La belleza es la ausencia de dolor. Cuando un rostro conserva un 
nivel de fluctuaciones asimétricas netamente inferior al promedio –por 
la ausencia de malformaciones provocadas por enfermedades como la 
malaria–, despuntan los viejos principios de la armonía o la simetría, 
que el pensamiento de los humanos siempre identificó con la belleza.
Se sabe del valor único e inapreciable de la belleza, pero no siempre
 se ha querido evitar el dolor que la destruye o cuando menos mitiga. Se
 ha perseguido resueltamente la belleza en el arte o el diseño de las 
grandes ciudades, sin que se haya perseguido con el mismo tesón el dolor
 que la provoca.
Es más, hasta hace bien poco, la ignorancia o el desprecio del dolor 
constituía más bien un síntoma de la altura de miras e inteligencia de 
una persona.
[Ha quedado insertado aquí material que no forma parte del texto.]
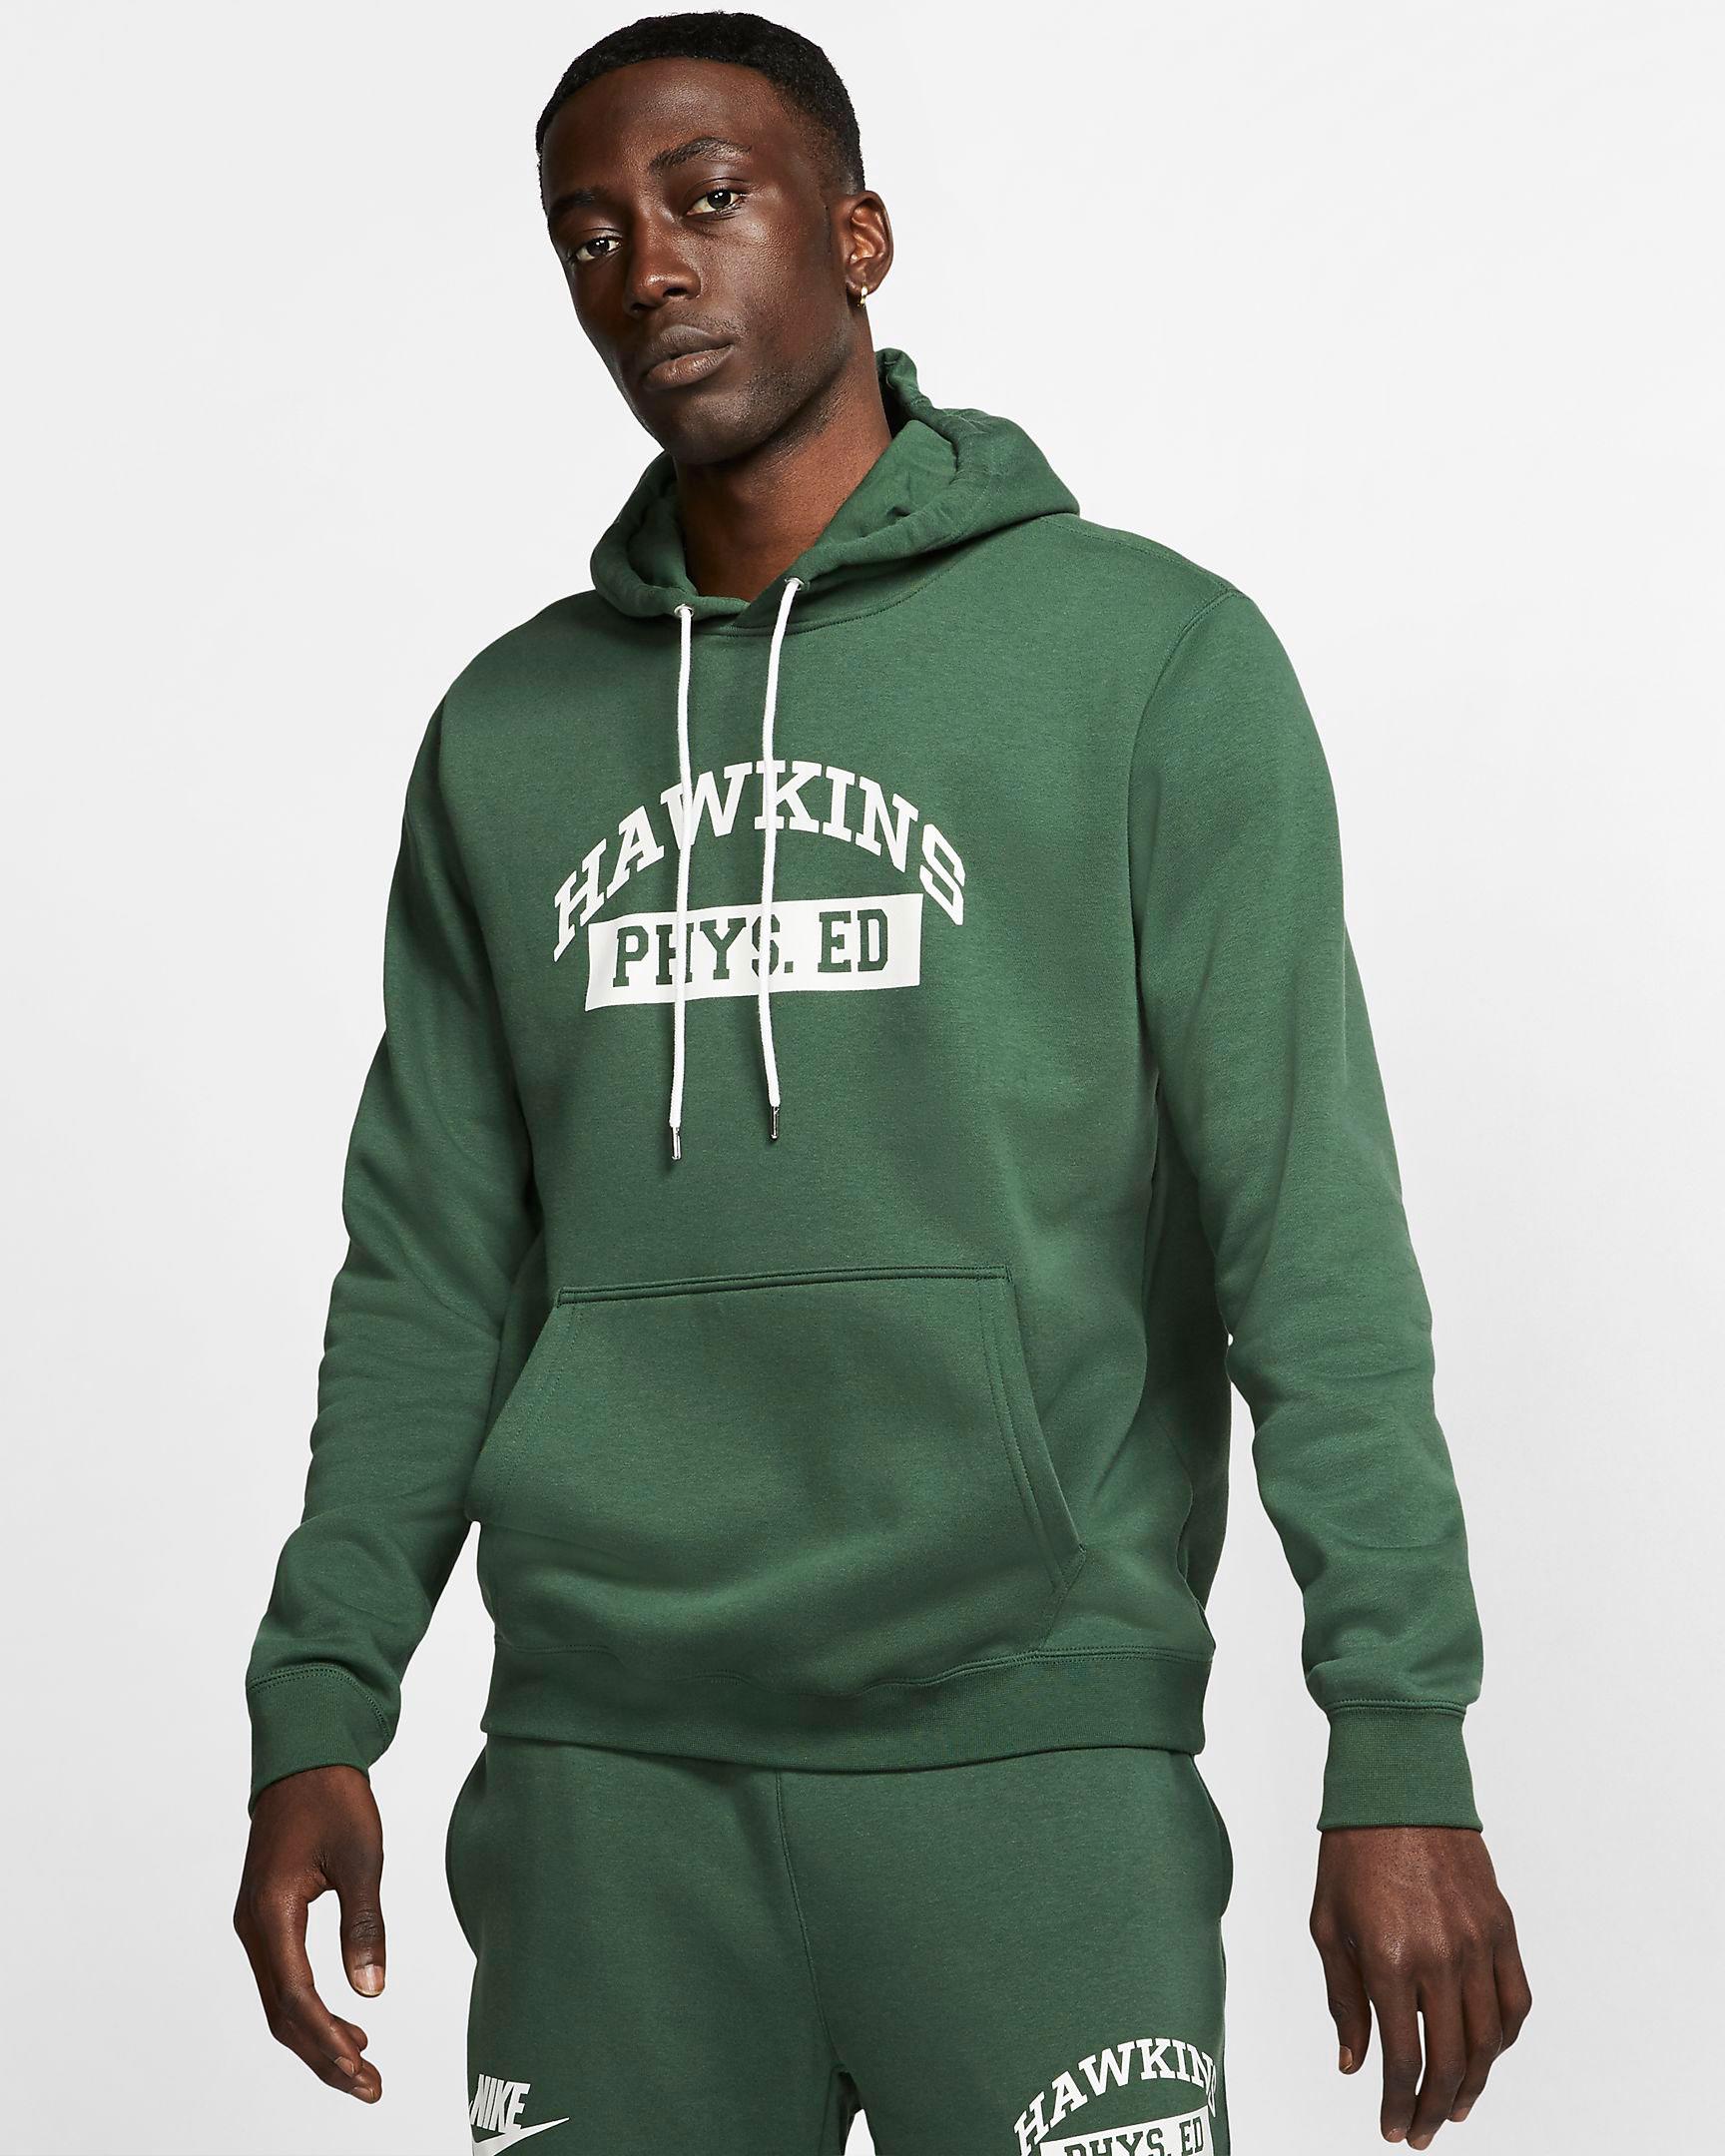 nike-stranger-things-hawkins-high-hoodie-green-1
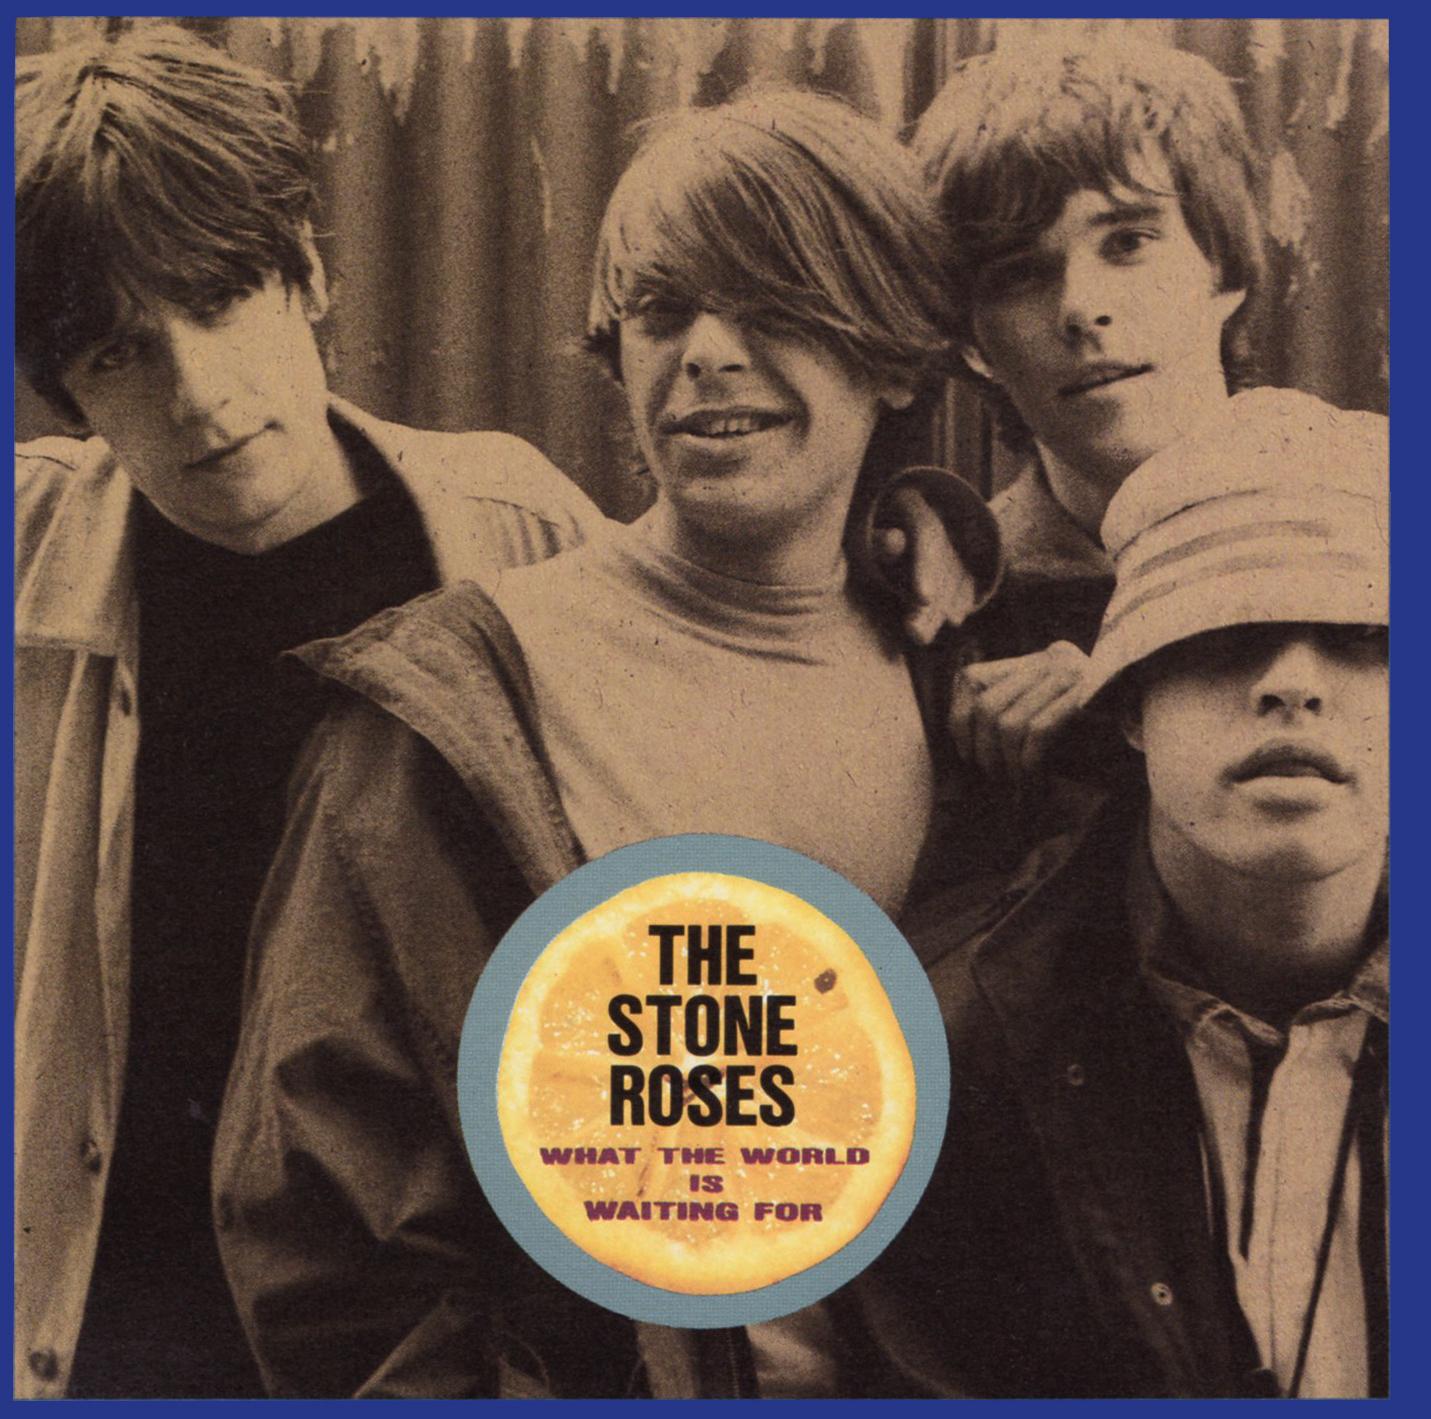 The Stone Roses (ザ・ストーン・ローゼス) 来日記念ミニアルバム『What The World Waiting For (ホワット・ザ・ワールド・イズ・ウェイティング・フォー)』(1989年11月28日発売) 高画質CDジャケット画像

Cuando el dolor era insoportable, se acometían todo tipo de
 insensibilizaciones o atropellos biológicos relacionados con el 
tratamiento anestésico, causante de complicaciones biológicas 
innumerables. De ahí mi sorpresa, cuando en una visita programada al 
dentista de mi lugar de residencia, Pineda de Mar, me encontré con una 
nueva tecnología puesta en circulación, tentativamente, por un grupo de 
científicos. La propia dentista me invitó a probar y dar cuenta del 
resultado de una tecnología nueva destinada a 
modular el dolor inevitable de la intervención.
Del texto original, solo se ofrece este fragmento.